2025 mal começou e já temos um filme que promete – ou pelo menos, tenta. Acabei de assistir a The Company of Thieves, produção da Estrange Films lançada este ano, e, sinceramente, fiquei com uma sensação… ambígua. Não sei se é o cansaço de mais um ano de cinema genérico ou se o filme realmente me deixou nesse limbo existencial, mas vamos lá, vamos destrinchar essa produção.

Sem spoilers, a trama se desenrola em torno de… bem, isso eu prefiro guardar para vocês descobrirem. Digamos apenas que envolve roubos, traições e o peso das escolhas. A sinopse oficial não entrega muito, e de forma honesta, a experiência cinematográfica também não.

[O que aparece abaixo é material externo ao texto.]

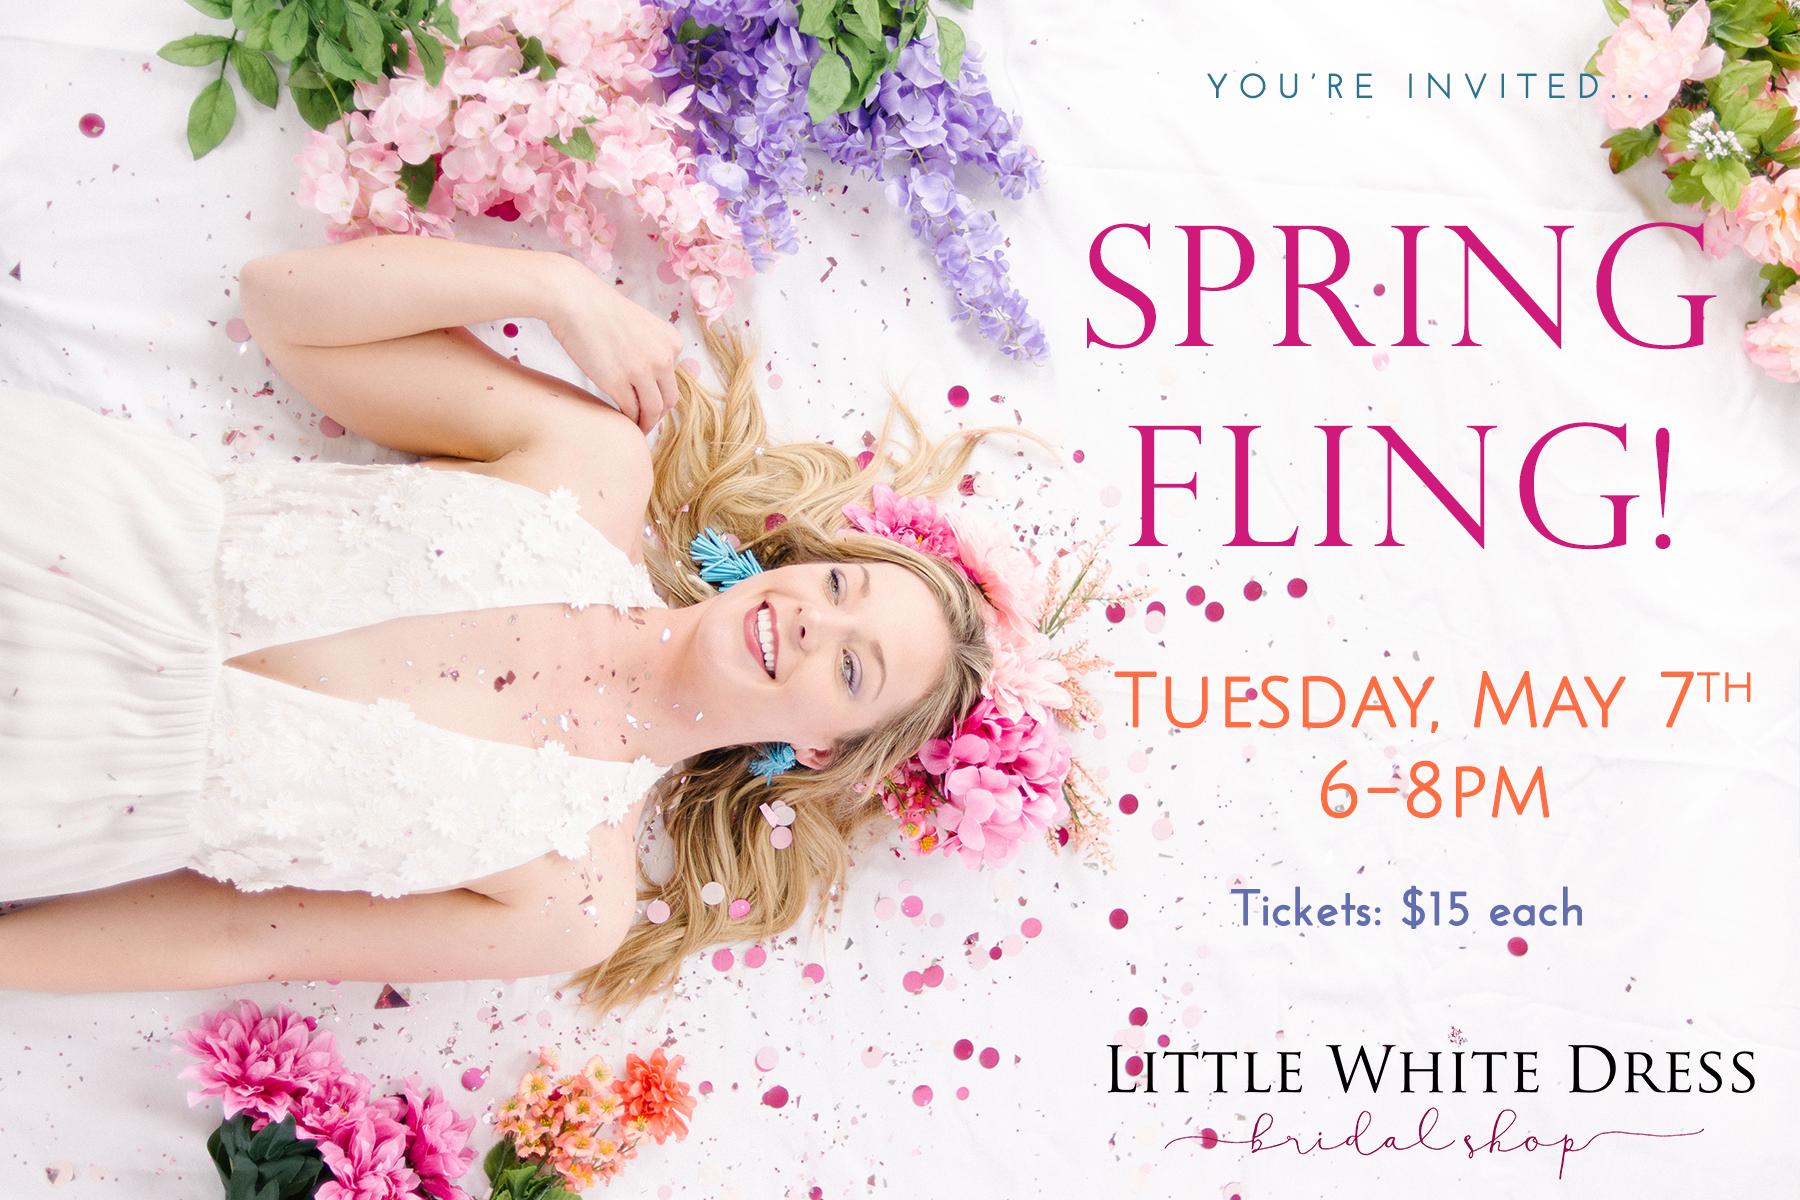 SpringFlinginvite.png

A direção, embora tecnicamente competente, sofre de uma certa falta de alma. Há cenas bonitas, isso é inegável, mas elas parecem mais um catálogo de imagens impactantes do que algo que contribui organicamente para a narrativa. O roteiro, por sua vez, é uma mescla intrigante de promessas e frustrações. Há momentos de brilho, diálogos que prendem a atenção, mas eles são ofuscados por uma trama que, apesar de misteriosa no início, se revela previsível e, em alguns pontos, até mesmo preguiçosa.

Atributo Detalhe
Ano de Lançamento 2025
Produtora Estrange Films

E as atuações? Um ponto alto… ou não? O elenco se esforça, mas o material com que trabalha é inconsistente. Alguns atores conseguem extrair o melhor possível dos personagens, enquanto outros parecem perdidos em um mar de clichês. A química entre os personagens principais é instável, oscilando entre momentos de genuína conexão e interações forçadas.

O que The Company of Thieves faz de bem é explorar certos temas. A jornada moral, a busca por redenção, a complexidade das relações humanas… tudo isso está presente, mas tratado de forma superficial. O filme toca em temas ricos, mas se recusa a mergulhar profundamente neles, preferindo uma abordagem superficial que termina por frustrar o espectador. O filme não se aprofunda, não toma riscos, não nos deixa realmente sentir. É tudo muito… seguro.

Se há algo a ser destacado como ponto fraco é justamente essa falta de ousadia. The Company of Thieves é um filme seguro demais, um filme que te convida a assistir, mas não te arrebata. A ausência de uma assinatura autoral definitiva se torna um grande obstáculo, e o resultado é uma experiência cinematográfica que se esquece de ser emocionante.

Em resumo: The Company of Thieves é um filme mediano, aquele que você assiste sem se arrepender, mas também sem se lembrar muito bem depois. Se você procura um thriller com reviravoltas surpreendentes, prepare-se para decepções. Se, entretanto, está procurando um filme leve para assistir num domingo à tarde, sem grandes expectativas, pode ser uma escolha razoável. Minha recomendação? Assista apenas se estiver sem outras opções. Acho que esse filme representa a epitome de um potencial não realizado. Um roubo, sim, mas de oportunidades.